Table is an Entry[] array type, and Entry (as explained in HashMap) is really just a one-way linked list. A hash table’s key-value pairs are stored in an Entry array.
Count is the size of the Hashtable, which is the number of key-value pairs that the Hashtable holds.
Threshold indicates the threshold of the Hashtable, which is used to determine whether to adjust the Hashtable capacity. The value of threshold = capacity x load factor.
LoadFactor is the loading factor.
ModCount is used to implement the fail-fast mechanism.

Put method

The entire process of the PUT method is as follows:

If value is null, an exception is thrown.
If the table[index] element is not empty, iterate. If the same key is encountered, replace it directly and return the old value.
Otherwise, we can insert it into the table[index] position.
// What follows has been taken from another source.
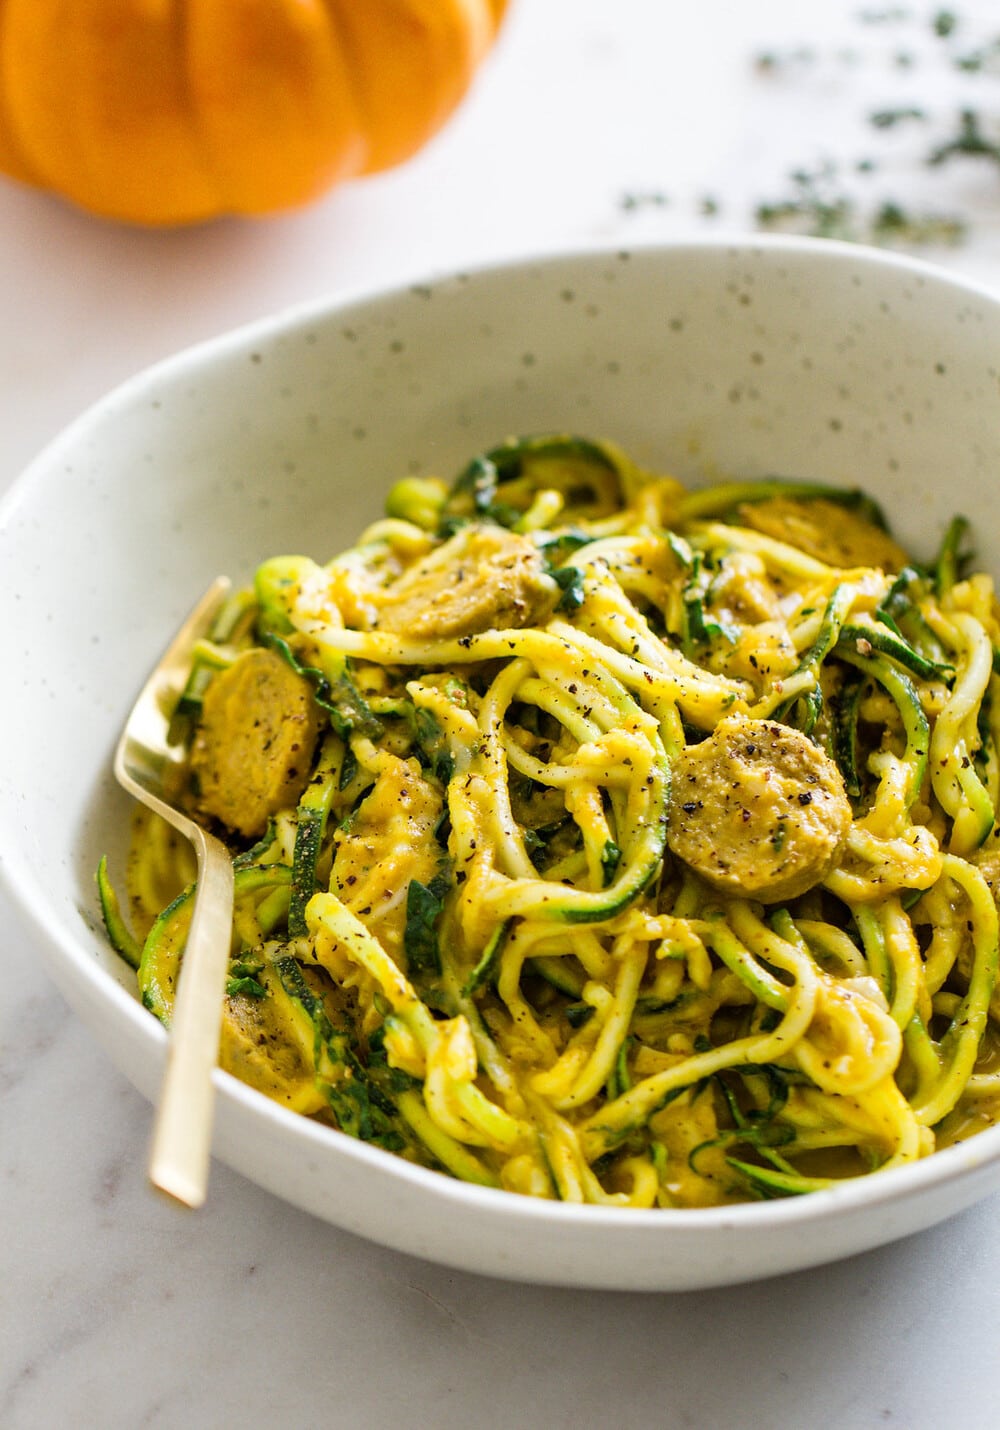 side angle view of creamy pumpkin sauce with kale and mushrooms, tossed with zucchini noodles.
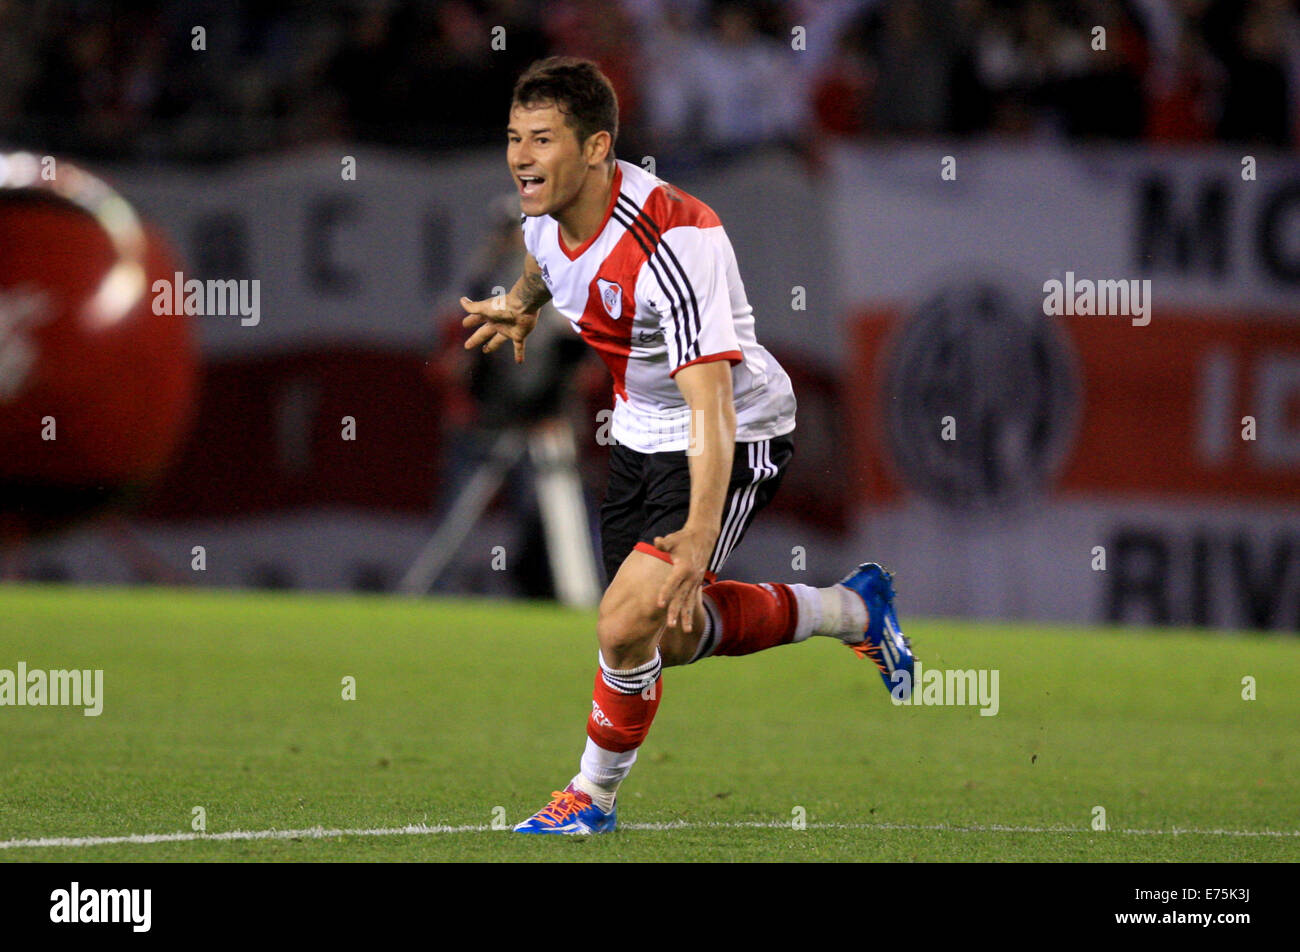 Buenos Aires, Argentina. 7th Sep, 2014. Rodrigo Mora of River Plate celebrates a scoring during the match of the Argentinean First Division against Tigre in the Antonio Vespucio Liberti Stadium, in Buenos Aires, Argentina, on Sept. 7, 2014. © Martin Zabala/Xinhua/Alamy Live News Stock Photo

Public synchronized V put(K key, V value) {// Make sure the value is not nullif (value == null) {
            throw new NullPointerException();
        }

        // Makes sure the key is not already in// Make sure the key is not in the hashtable // First, passhash// Next, iterate over the list of index positions. If the list of index positions has the same key, replace value and return the old value Entry TAB [] = table; inthash = hash(key);
        int index = (hash & 0x7FFFFFFF) % tab.length;
        for(Entry<K,V> e = tab[index] ; e ! = null ; e = e.next) {if ((e.hash == hash) && e.key.equals(key)) {
                V old = e.value;
                e.value = value;
                return old;
            }
        }

        modCount++;
        if (count >= threshold) {
            // Rehash the table ifThe threshold is exceeded // If the threshold is exceeded, proceedrehashoperationrehash(a); tab = table;hash = hash(key);
            index = (hash& 0x7FFFFFFF) % tab.length; } // Creates a new entry. // Creates a new entry. // Create a new Entry node, insert the new Entry into the index position of the Hashtable, and set e to the next Entry TAB [index] = new Entry<>(hash, key, value, e);
        count++;
        return null;
    }Copy the code

The get method

The get method is much simpler than the PUT method. The process is to first hash the key using the hash() method, and then to the index based on the hash value (both steps use the same algorithm as the PUT method). Then iterate over the linked list, returning the value of the matched key; If not found, null is returned.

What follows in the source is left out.